All of lore.kernel.org
 help / color / mirror / Atom feed
From: Rik van Riel <riel@redhat.com>
To: Ebru Akagunduz <ebru.akagunduz@gmail.com>, linux-mm@kvack.org
Cc: akpm@linux-foundation.org, kirill@shutemov.name, mhocko@suse.cz,
	mgorman@suse.de, rientjes@google.com, sasha.levin@oracle.com,
	hughd@google.com, hannes@cmpxchg.org, vbabka@suse.cz,
	linux-kernel@vger.kernel.org, aarcange@redhat.com
Subject: Re: [PATCH] mm: incorporate read-only pages into transparent huge pages
Date: Fri, 23 Jan 2015 14:04:11 -0500	[thread overview]
Message-ID: <54C29B2B.4070800@redhat.com> (raw)

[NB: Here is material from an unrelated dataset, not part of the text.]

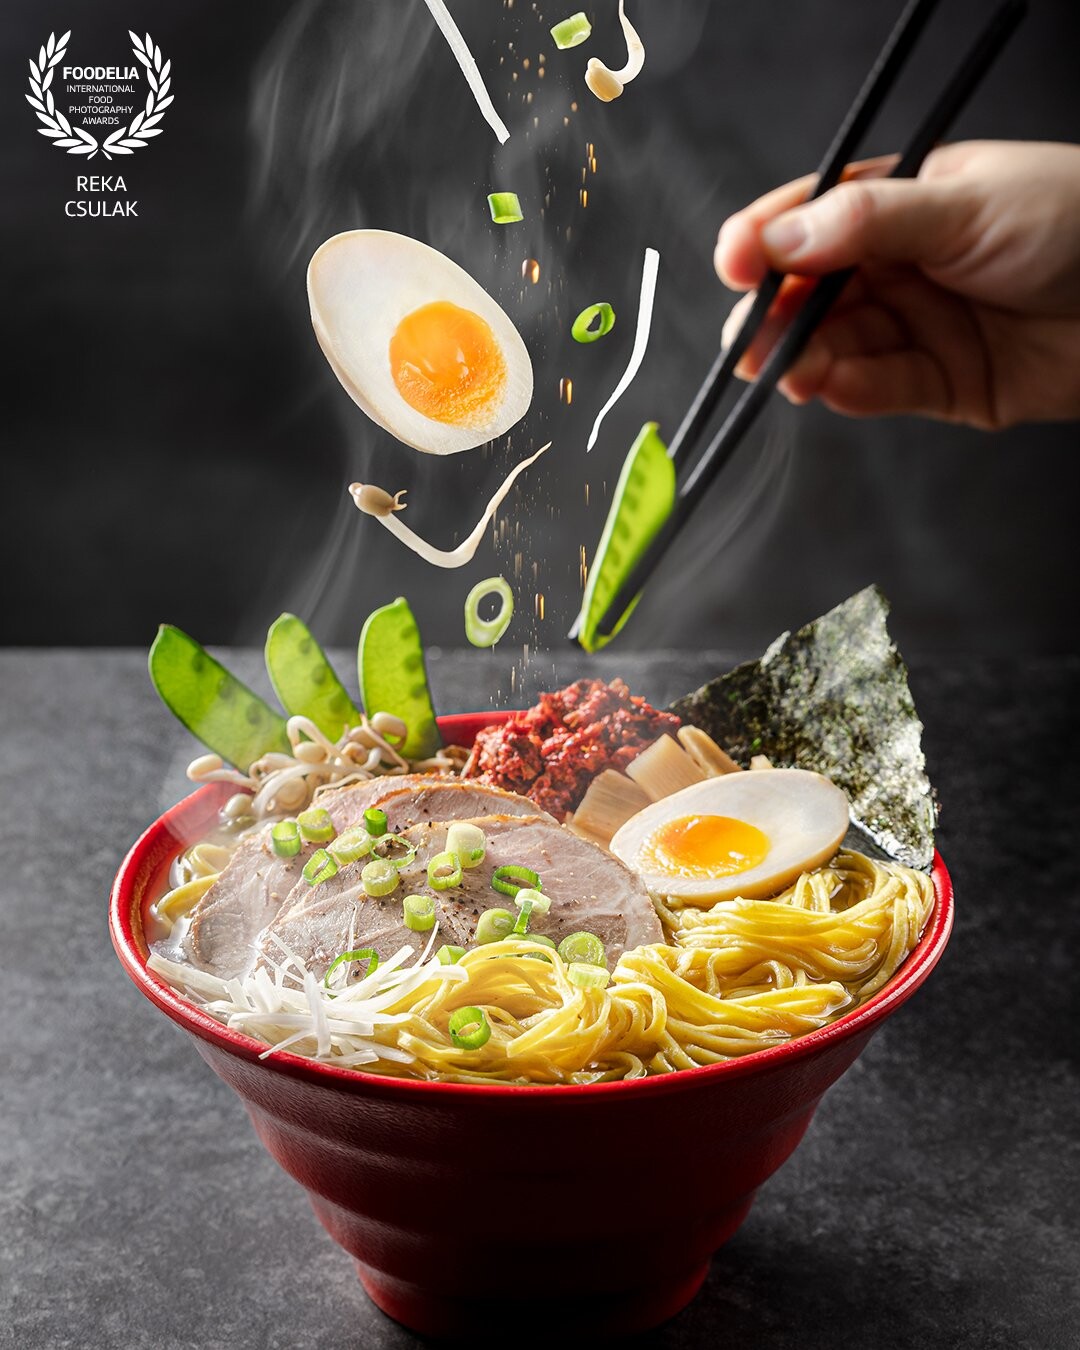 This has been a photo that ended up on a restaurant banner of the Client. It is taller than I am, and already in front of the place :) I wanted to show a cool action with this delicious ramen.

In-Reply-To: <1421999256-3881-1-git-send-email-ebru.akagunduz@gmail.com>

On 01/23/2015 02:47 AM, Ebru Akagunduz wrote:

> @@ -2169,7 +2169,7 @@ static int __collapse_huge_page_isolate(struct vm_area_struct *vma,
>  		VM_BUG_ON_PAGE(!PageSwapBacked(page), page);
>  
>  		/* cannot use mapcount: can't collapse if there's a gup pin */
> -		if (page_count(page) != 1)
> +		if (page_count(page) != 1 + !!PageSwapCache(page))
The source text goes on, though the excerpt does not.